To offset the sales slump, the world's largest mobile-phone maker said it would cut costs next year and in 2010.

Nokia said it expects fewer than 330 million phones to be sold world-wide in the fourth quarter, lower than the estimate it gave Nov. 14 when it issued a profit warning. Next year's volumes are expected to fall 5% or more from 2008 levels, the Finland-based company said.

The phone maker said it targets an increase in market share next year, including in the smartphone segment. However, it said it wasn't sure it could deliver a gain in market share in the fourth quarter from the third quarter's 38% level.

Next year "will be a challenging year for the mobile-devices industry, but I believe Nokia will fare much better than our competitors," Nokia Chief Executive Olli-Pekka Kallasvuo told analysts Thursday during the company's investor-day event in New York.
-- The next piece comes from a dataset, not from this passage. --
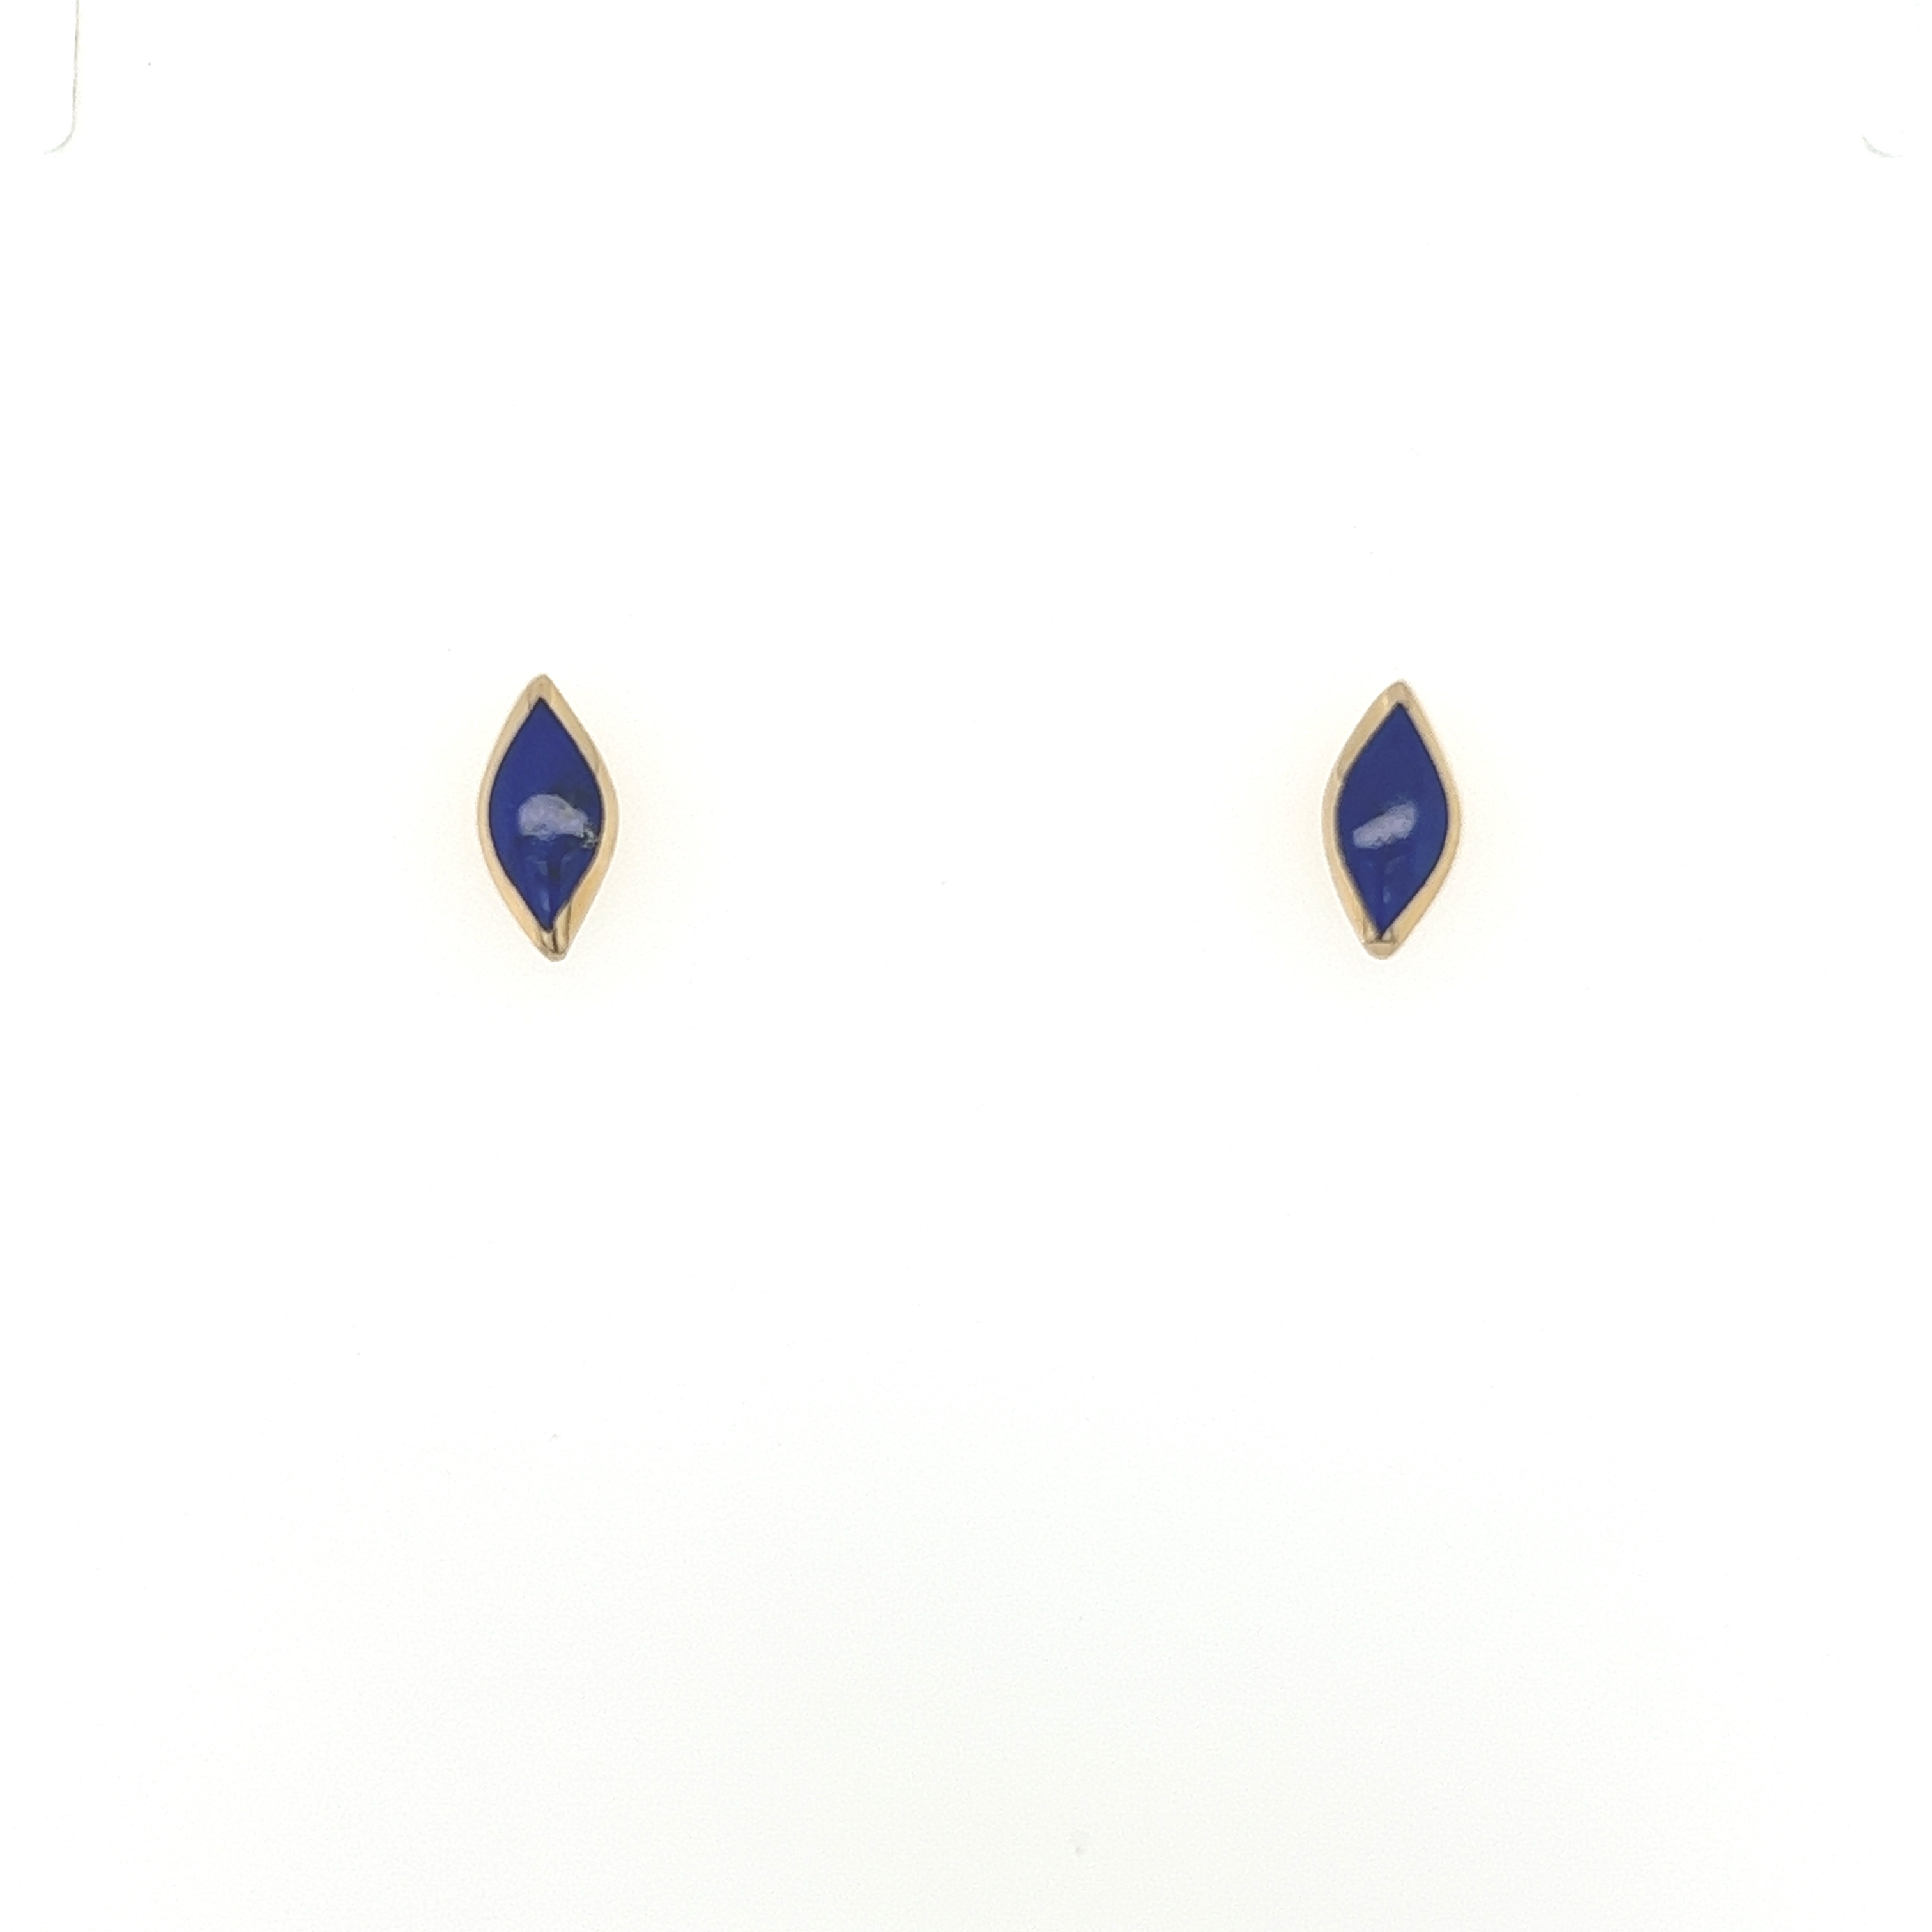 14 Karat yellow gold Stud Earrings with Lapis Lazuli inlay

Though consumers are likely to trade down to less-expensive cellphones in the coming tough times, Mr. Kallasvuo said Nokia is in the best position to handle a potential transition because of its wide portfolio.

The downturn also presents a good opportunity to gain market share, Mr. Kallasvuo added. Aside from Nokia's presence in still fast-growing markets, the CEO pointed to the U.S. and South Korea -- two lucrative markets with little Nokia presence -- as opportunities.
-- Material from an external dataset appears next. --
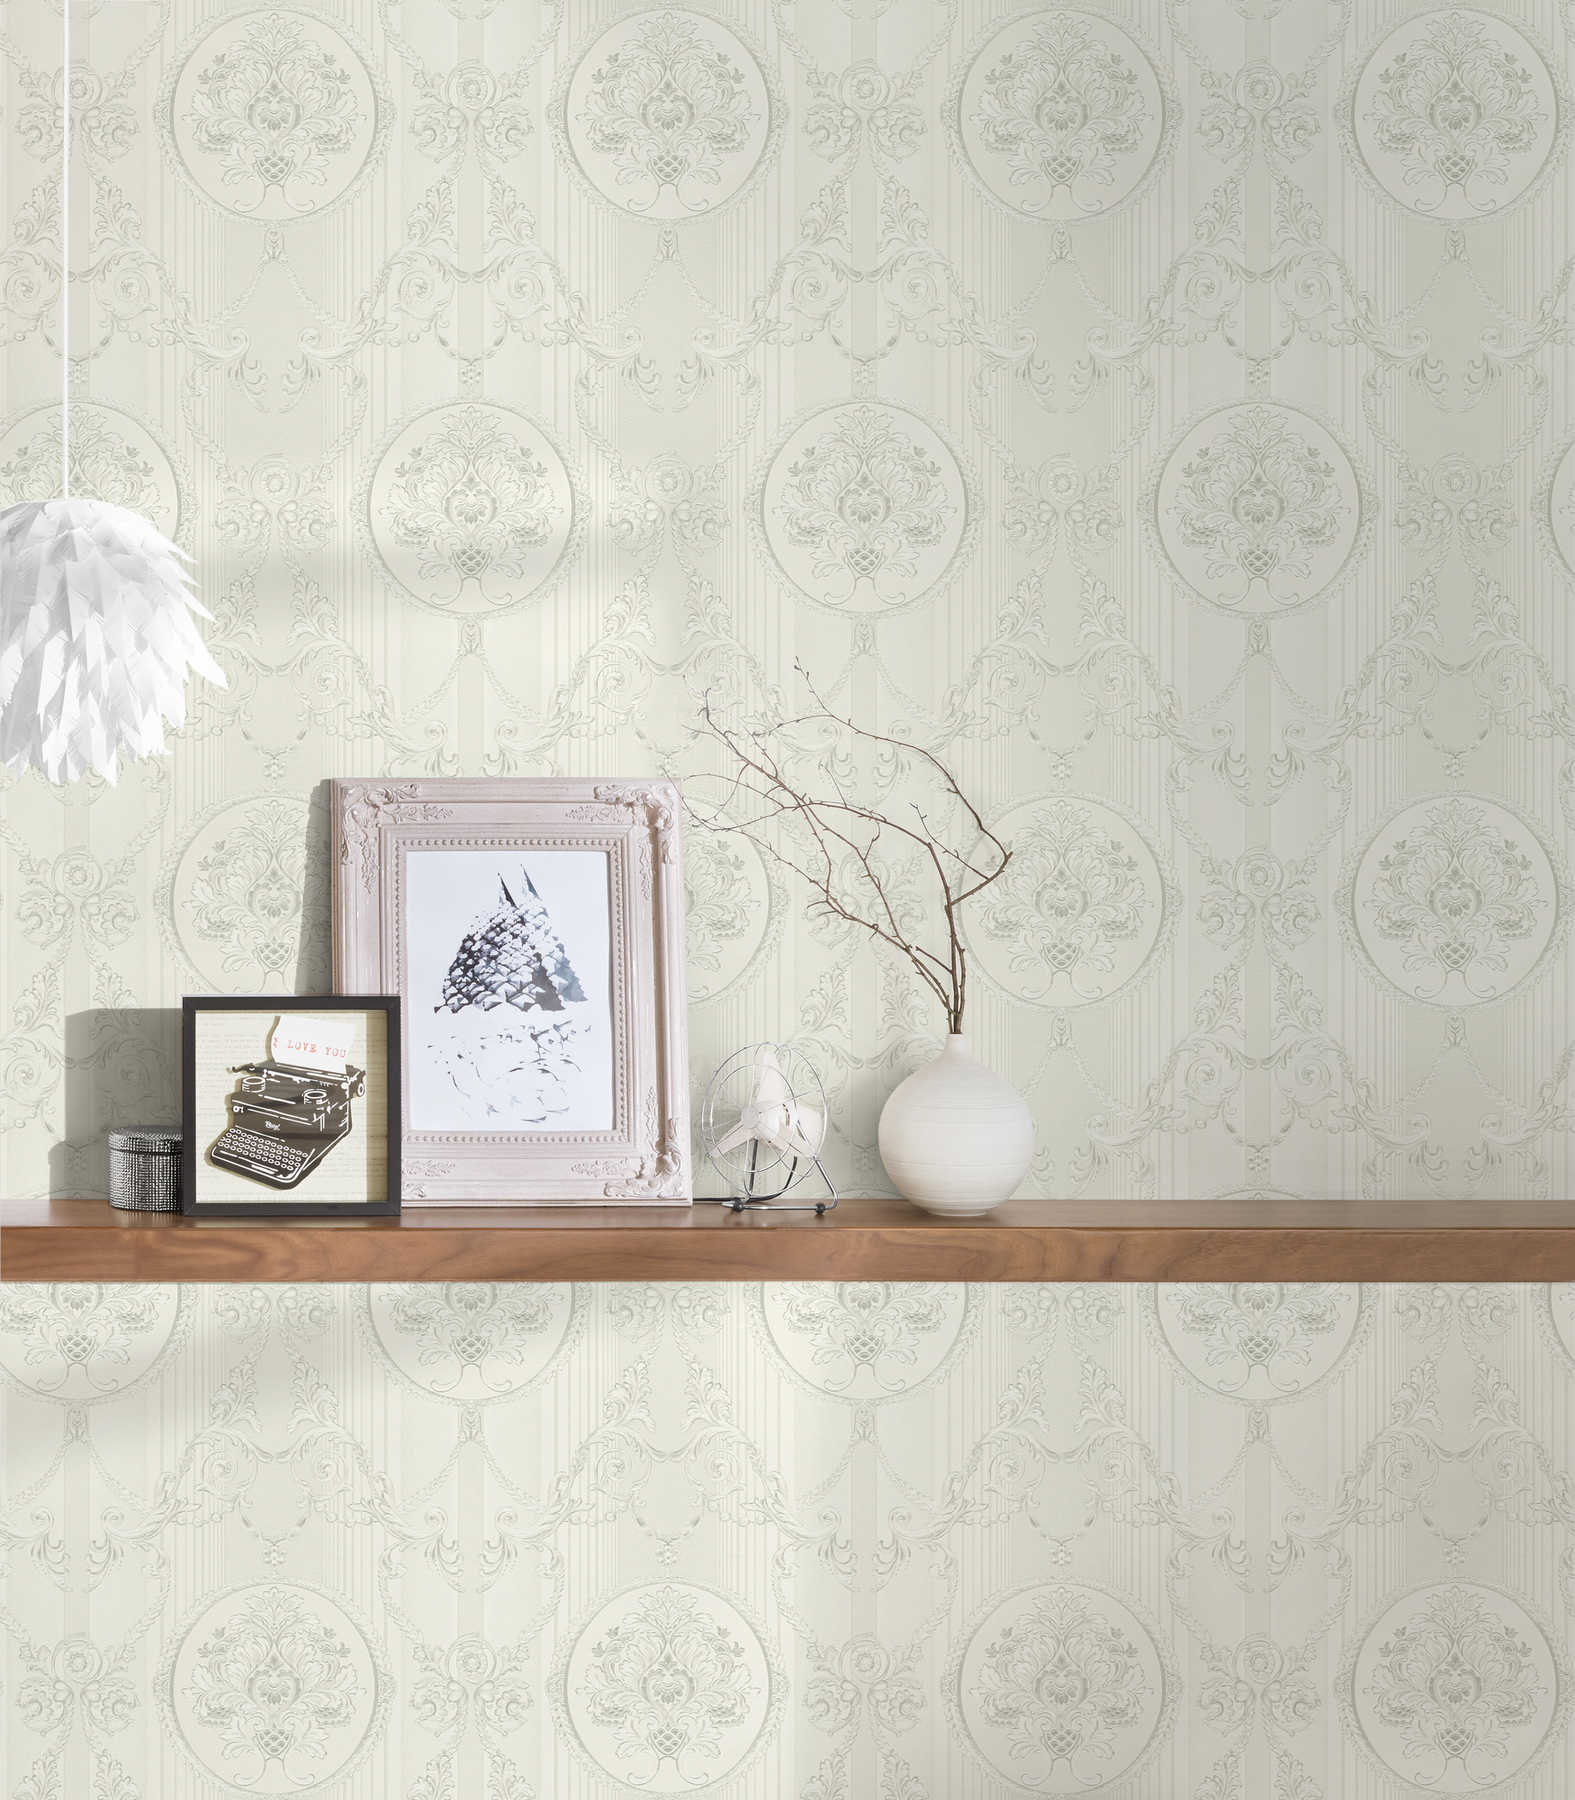             Neobarock Tapete mit Ornament Design & Metallic-Effekt – Metallic, Weiß

Nokia said the slowdown is hitting operations across its markets, but the recent incremental downturn in emerging markets has grown more pronounced. Nokia's high-volume sales are largely dependent on markets such as India and China.

The latest warning underscores the "rapid change" in consumer spending Nokia previously flagged, and the damage it is causing to cellphone makers and operators.
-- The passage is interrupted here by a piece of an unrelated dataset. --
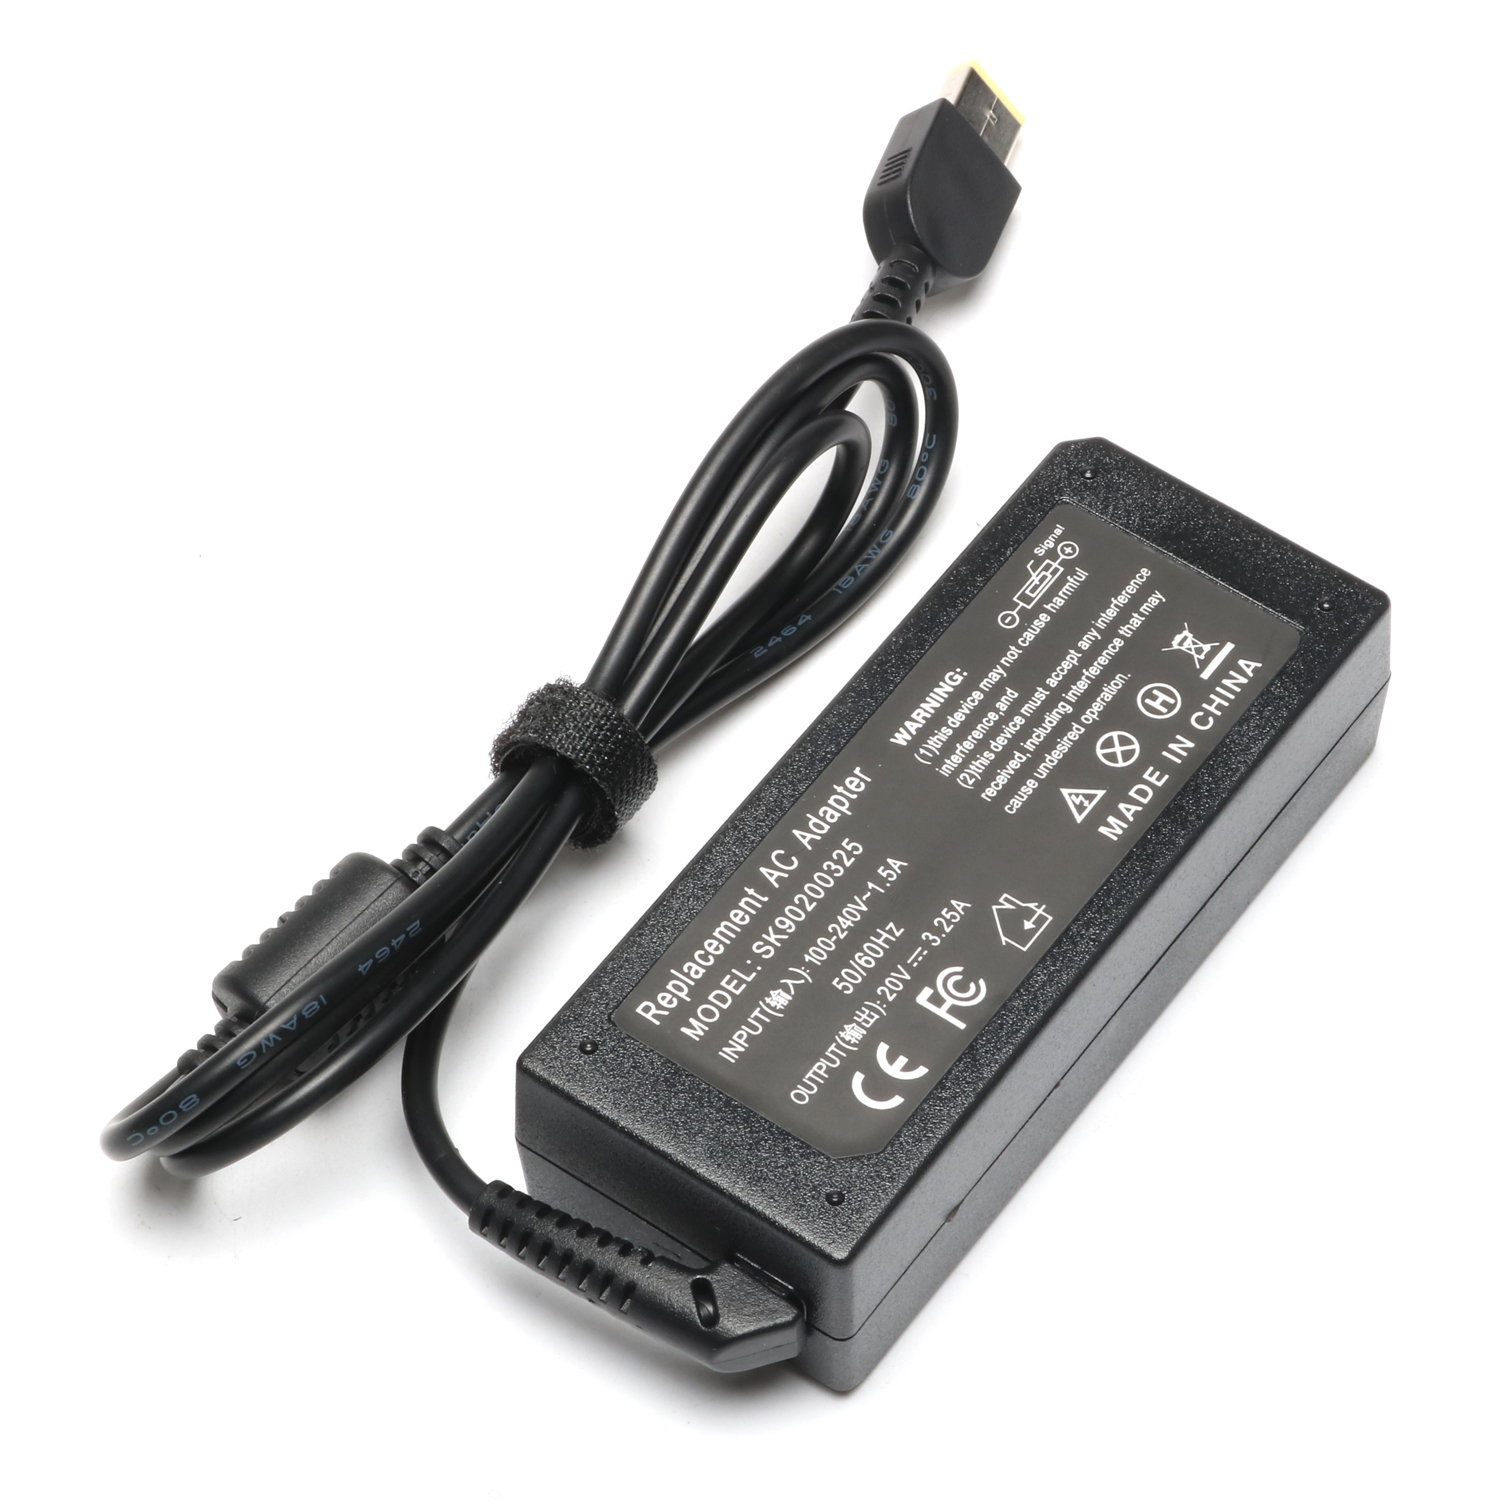 20V 3.25A 65W USB AC Adapter Charger For Lenovo Yoga 2 11 11s 13 2 Pro, Flex 2 15 15D 14 10,IdeaPad S210 U430 U530,Compatible Flex G40 G50 13 13-2191 - image 5 of 8

Earlier this month, Vodafone Group PLC, the world's largest mobile operator by revenue, warned full-year revenue would fall short of its forecasts and unveiled plans to cut 1 billion GBP ($1.48 billion) in costs.

Meanwhile, Dallas-based AT&T Inc. said Thursday it will cut about 12,000 jobs, or 4% of its work force, through the end of next year.

The cellphone market has contracted once before, in 2000-2001, but analysts expect the coming slowdown to be deeper.

Nokia is "acting on all fronts to reduce our costs," said Rick Simonson, Nokia's chief financial officer, including reducing the cost of goods sold and cutting operating and capital expenditures. "Nokia's highly variable, low-fixed-cost business model allows us to scale to a declining market," Mr. Simonson said.

Nokia said it now expects its key device and services operating margin to be between 13% and 19% next year, down from its previous target of 20%, while it expects its venture with Siemens AG, Nokia Siemens Networks, to have an operating margin in the single digits in 2009. Its recently added Navteq digital-mapping unit should have a margin just above its device and services business, it said.

Separately, research firm Gartner Inc. said Nokia's share of the smartphone market in the third quarter fell to 42.4% from 48.7% in the year-earlier period, hurt by the lack of a commercial touch-screen device.

Mr. Kallasvuo acknowledged that the company's smartphone portfolio wasn't "ideal" earlier in the year.

Nokia is expected to get a sales boost from its recently announced N97 touch screen, its flagship product; however, the product won't be ready until the first half of next year. The N97 will compete with Apple Inc.'s iPhone and Research In Motion Ltd.'s BlackBerry.

Smartphone sales growth is suffering because of the economic downturn, Gartner said. In the third quarter, 36.5 million smartphones were sold -- a 12% increase from a year earlier, but a slowdown from the 16% annual growth experienced in the second quarter.